RECORDS FOR THIS EXERCISE:

Start of Block

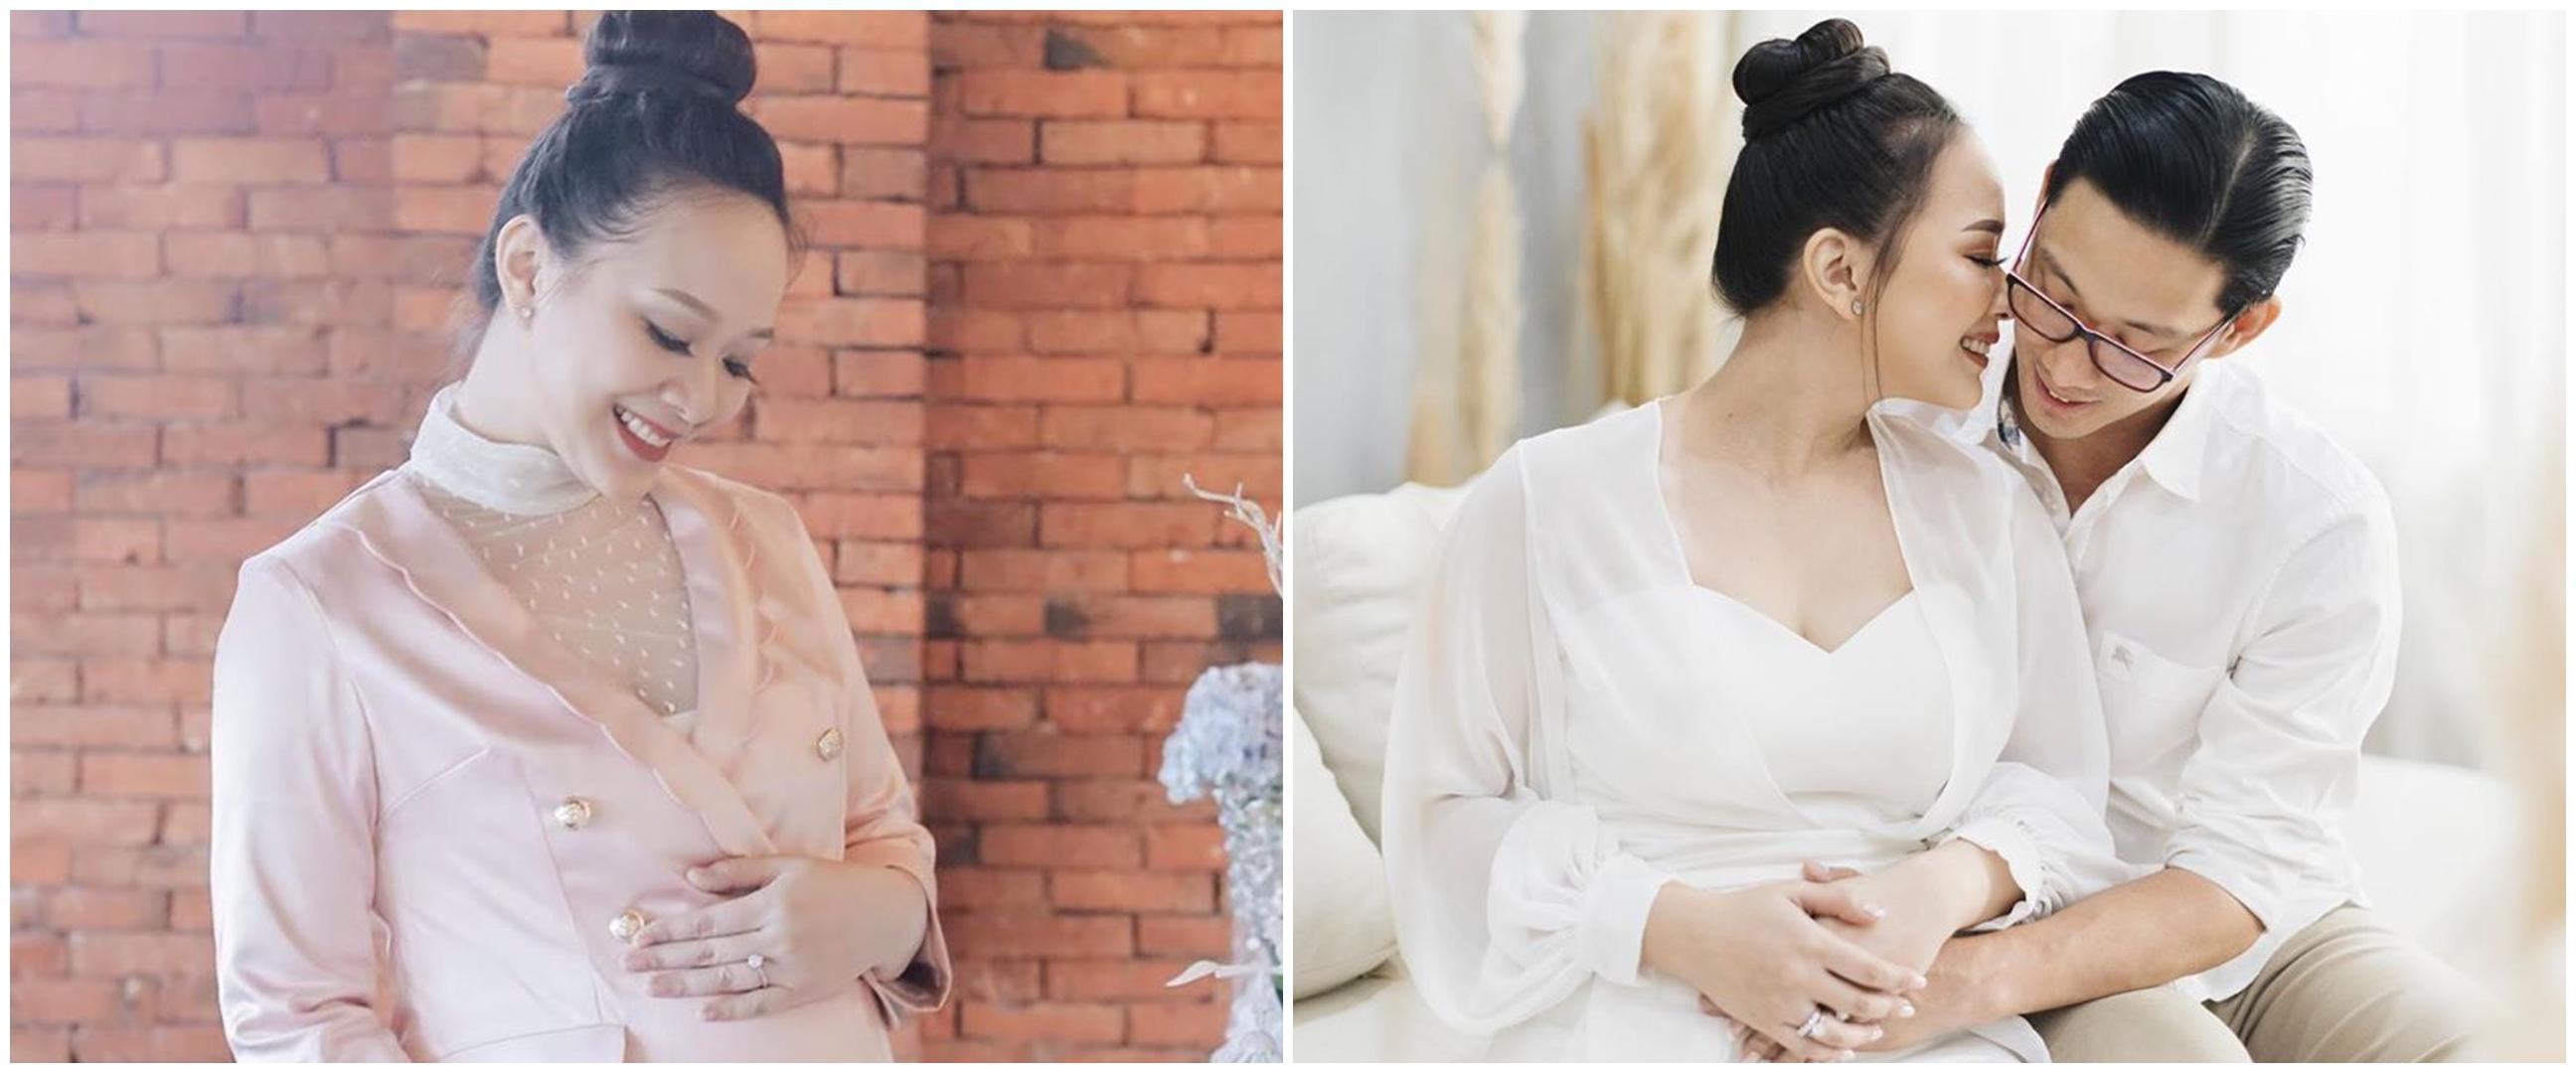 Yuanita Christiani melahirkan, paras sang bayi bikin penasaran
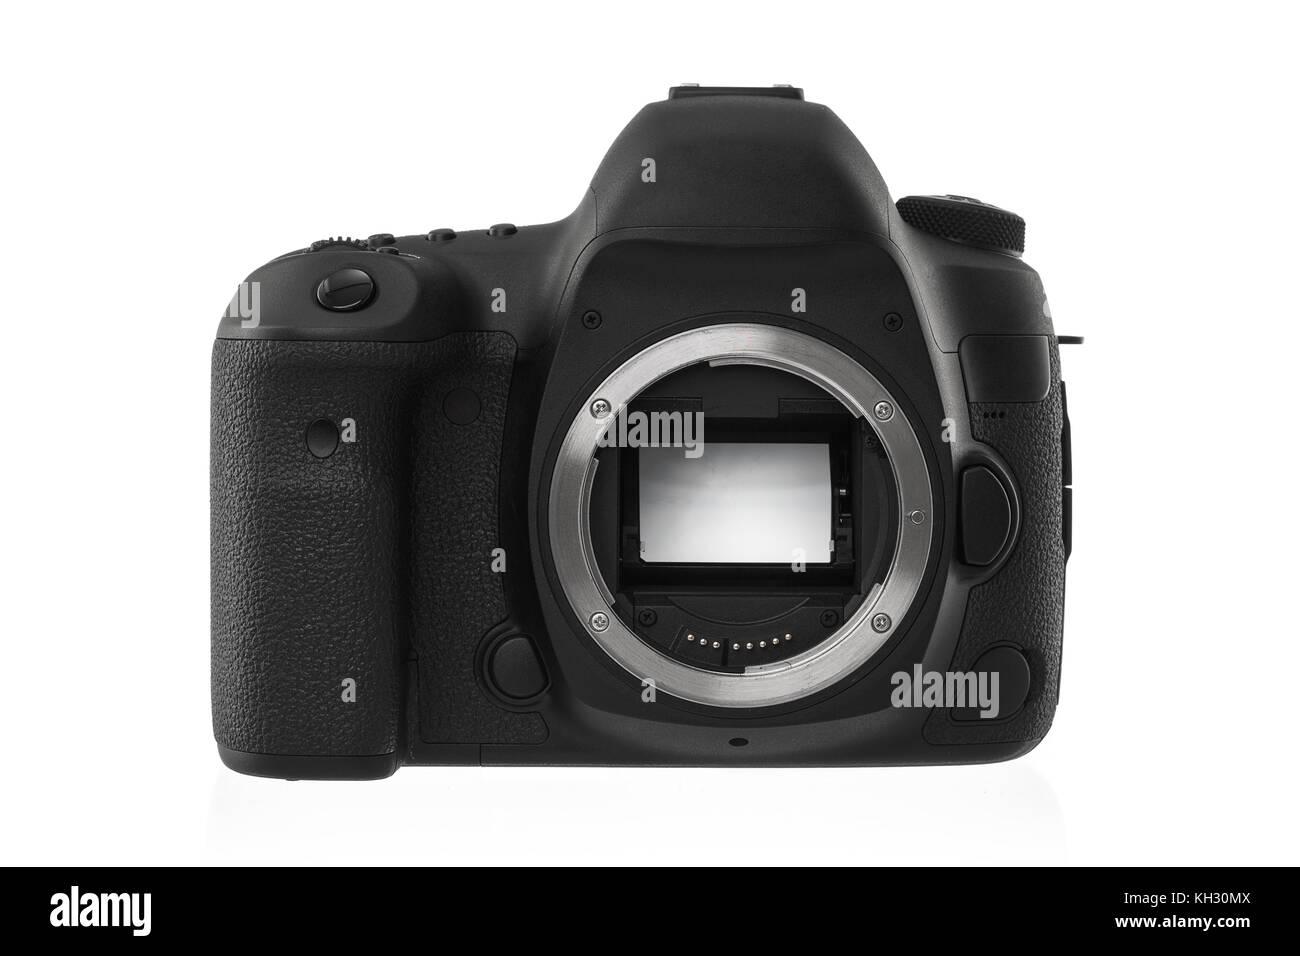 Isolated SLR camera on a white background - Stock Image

End of Block
Start of Block

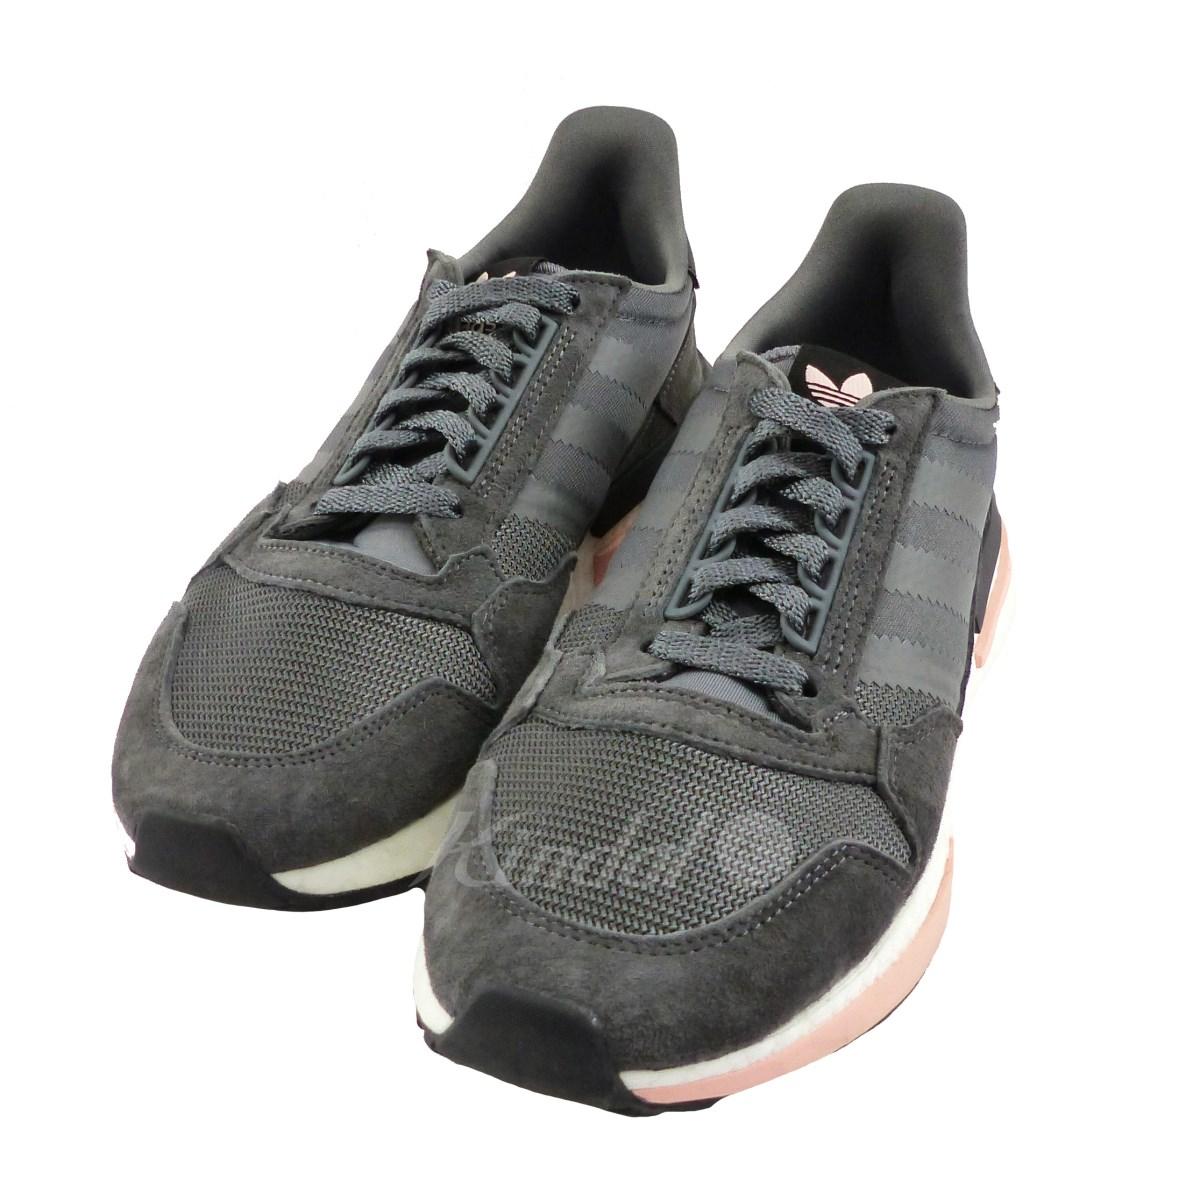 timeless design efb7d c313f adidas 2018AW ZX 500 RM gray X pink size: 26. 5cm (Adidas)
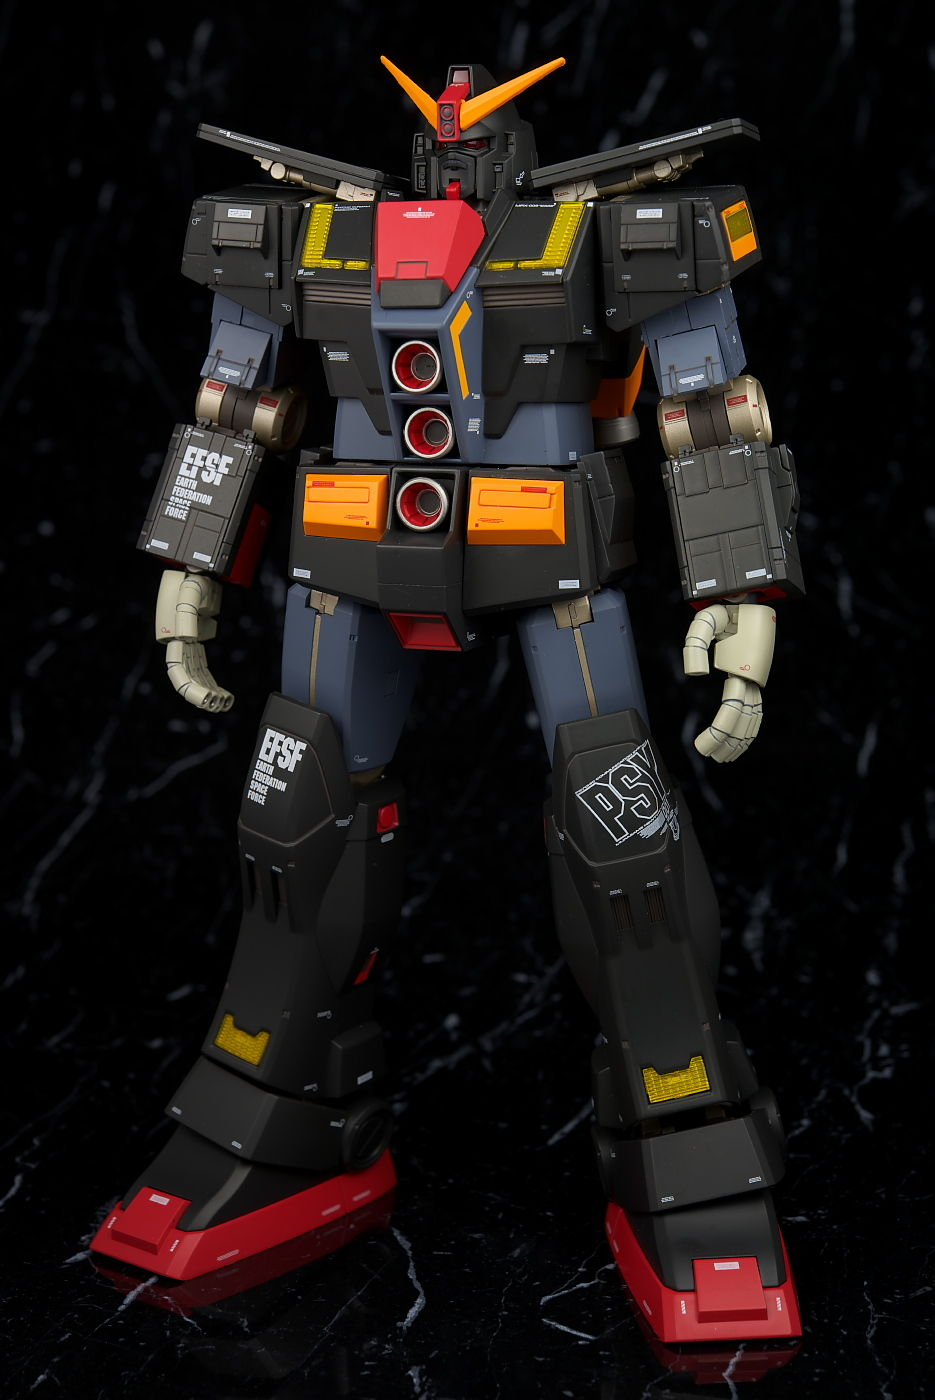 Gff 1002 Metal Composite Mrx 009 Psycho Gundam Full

End of Block

Without the pictures, set down the lines above from the line with "timeless design efb7d" up to and including the line with "Gff 1002 Metal" exactly as they stand.

 timeless design efb7d c313f adidas 2018AW ZX 500 RM gray X pink size: 26. 5cm (Adidas)
 Gff 1002 Metal Composite Mrx 009 Psycho Gundam Full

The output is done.